- Created by: Tony Martin
- Country of origin: United Kingdom
- No. of episodes: 26

Production
- Running time: 11 minutes

Original release
- Network: ITV
- Release: 10 April 1984 – 28 May 1987

= Orm and Cheep =

Orm and Cheep is a 1980s British children's television series that was aimed at the younger viewers of Children's ITV. It used puppets as the main characters (Orm being a worm and Cheep being a bird) and was narrated by Richard Briers. The show was created by Tony Martin, the puppets created by Mary Edwards.
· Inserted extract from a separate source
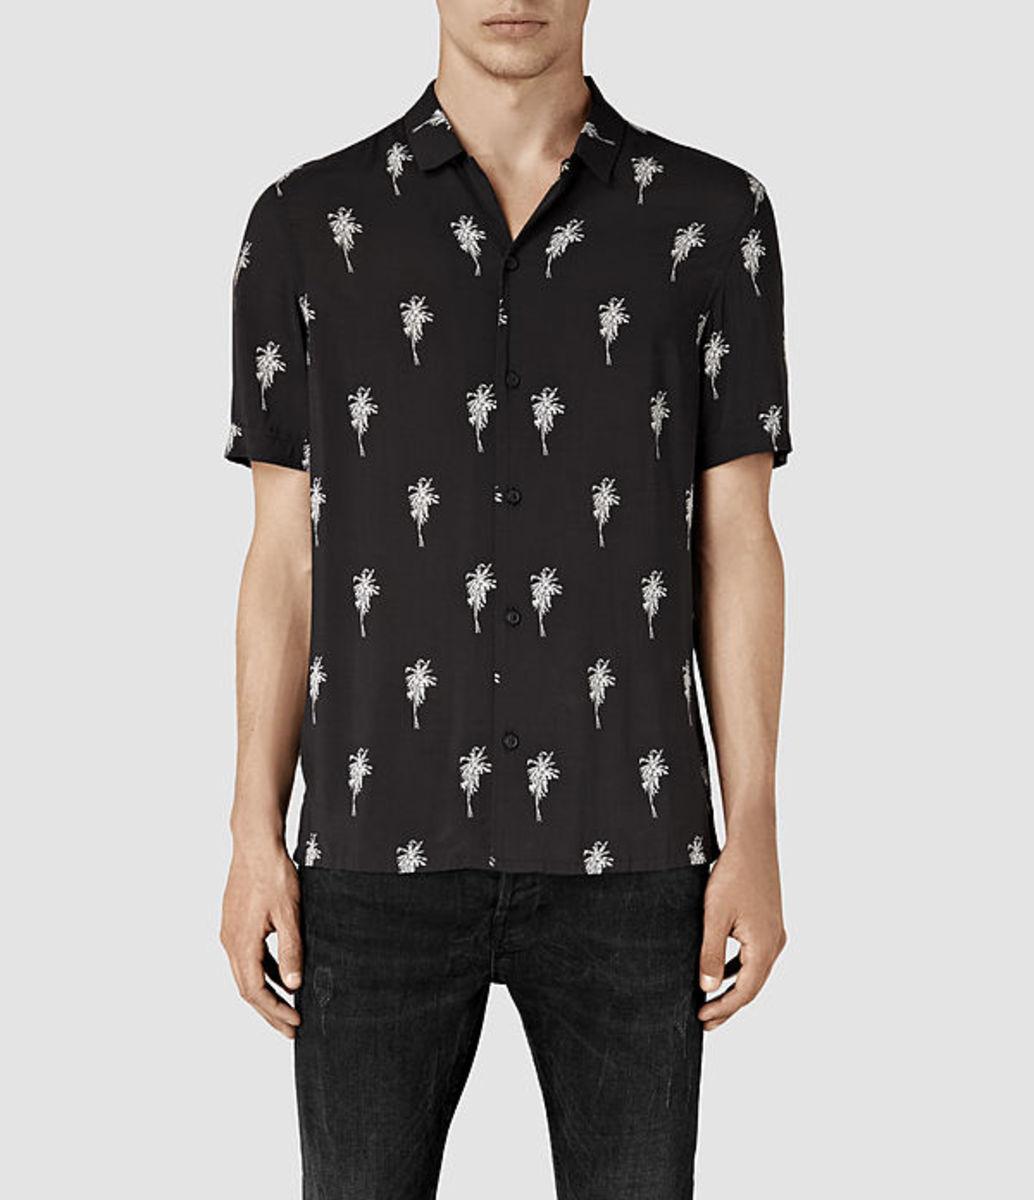 All Saints Men's Archo Short Sleeve Shirt, $155, available at All Saints.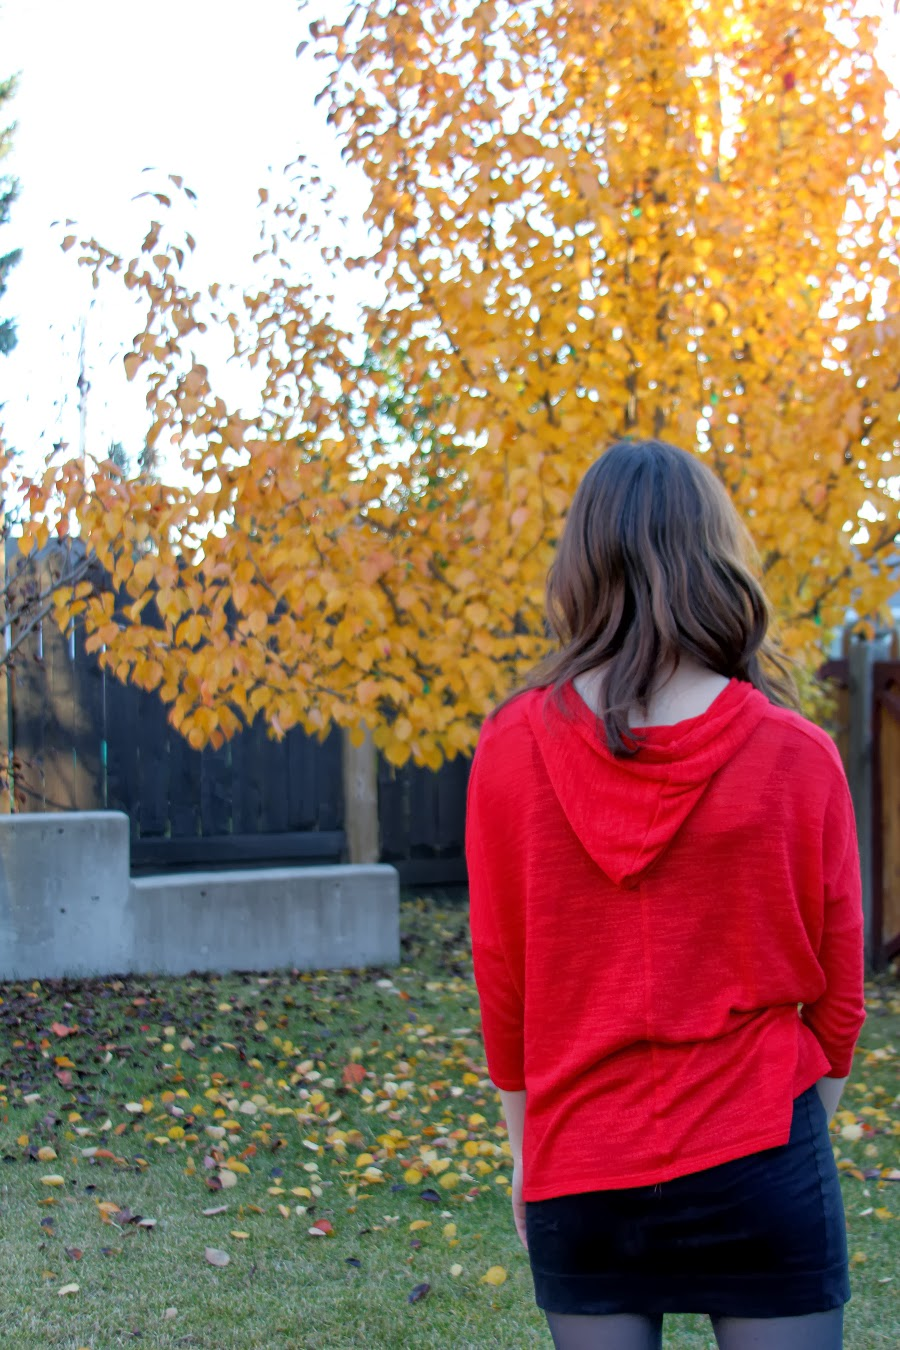 Halloween, Amy Pond, Doctor Who, costume, zara, H&M, red hoodie, vianni

There were a total of 26 eleven-minute episodes, broadcast between 1984 and 1987. The series was aired in the United Kingdom, New Zealand, Canada and Iran.

== Plot ==
Cheep was an infant bird who fell from his nest, prior to learning to fly (the theme tune, "If only Cheep could fly", ensured that Cheep's difficulties in learning to fly became a recurring joke throughout the series). He befriends Orm, a worm who inhabits a subterranean home. Their acquaintances include Snail and Mouse, all friends and foes have a single-word, noun name. Their notable foes include Rat and Crow, who often scheme to consume the pair.

==Episodes==

===Series 1===
- The Fall (10.04.1984)
- A Piece of Cake (17.04.1984)
- Cat Nap (24.04.1984)
- Down to Earth (01.05.1984)
- Don't Sneeze Please (08.05.1984)
- Eye, Eye! (15.05.1984)
- Strawberry Patch (22.05.1984)
- Cat and Mouse (29.05.1984)
- A House for Mouse (05.06.1984)
- What a Rat (12.06.1984)
- Silvery Trail (19.06.1984)
- Cheep Skate (26.06.1984)
- The Search Party (03.07.1984)

===Series 2===
- Water, Water Everywhere (5.03.1987)
- Spring Clean (12.03.1987)
- Gone with the Wind (19.03.1987)
- Buried Treasure (26.03.1987)
- The Dark Wood (02.04.1987)
- Sports Day (09.04.1987)
- Ghosts (16.04.1987)
- Falling Leaves (23.04.1987)
- The Scarecrow (30.04.1987)
- The Terrible Three (07.05.1987)
- Cricket Tea (14.05.1987)
- Rat Trap (21.05.1987)
- Blow Out (28.05.1987)

== Cast/Crew ==
First series
- Creator - Tony Martin
- Director - Jan Martin
- Producer - Jan Martin
- Executive Producer - David Hamilton
- Artistic Director - Tony Martin
- Puppet creator _ Mary Edwards
- Writer - Guy Hallifax
- Narrator - Richard Briers
- Puppeteers - Mary Edwards, Geoff Felix and Ian Thom

| Directors | Tony Martin and Derek Oliver |
| Producer | David Hamilton |
| Associate Producer | Claire Derry |
| Writer | Guy Hallifax |
| Narrator | Richard Briers |
| Puppeteers | Geoff Felix, Mary Edwards and Ian Thom |

=== Australian VHS releases ===
- Roadshow Entertainment (2000)

| VHS title | Release date | Episodes |
|---|---|---|
| Orm And Cheep: Water, Water Everywhere (102992) | 4 September 2000 | Water, Water Everywhere, Spring Clean, Gone with the Wind, Buried Treasure and The Dark Wood |
| Orm And Cheep: Eye Eye (102993) | 4 September 2000 | Eye Eye, Strawberry Patch, Cat and Mouse, A House for Mouse and What a Rat |
| Orm And Cheep: The Fall (102994) | 4 September 2000 | The Fall, A Piece of Cake, Cat Nap, Down to Earth and Don't Sneeze Please |

== DVD release ==
In 2019, Universal Pictures Home Entertainment (as DreamWorks Classics) announced it would be releasing the entire first series on DVD (Region 2, PAL format).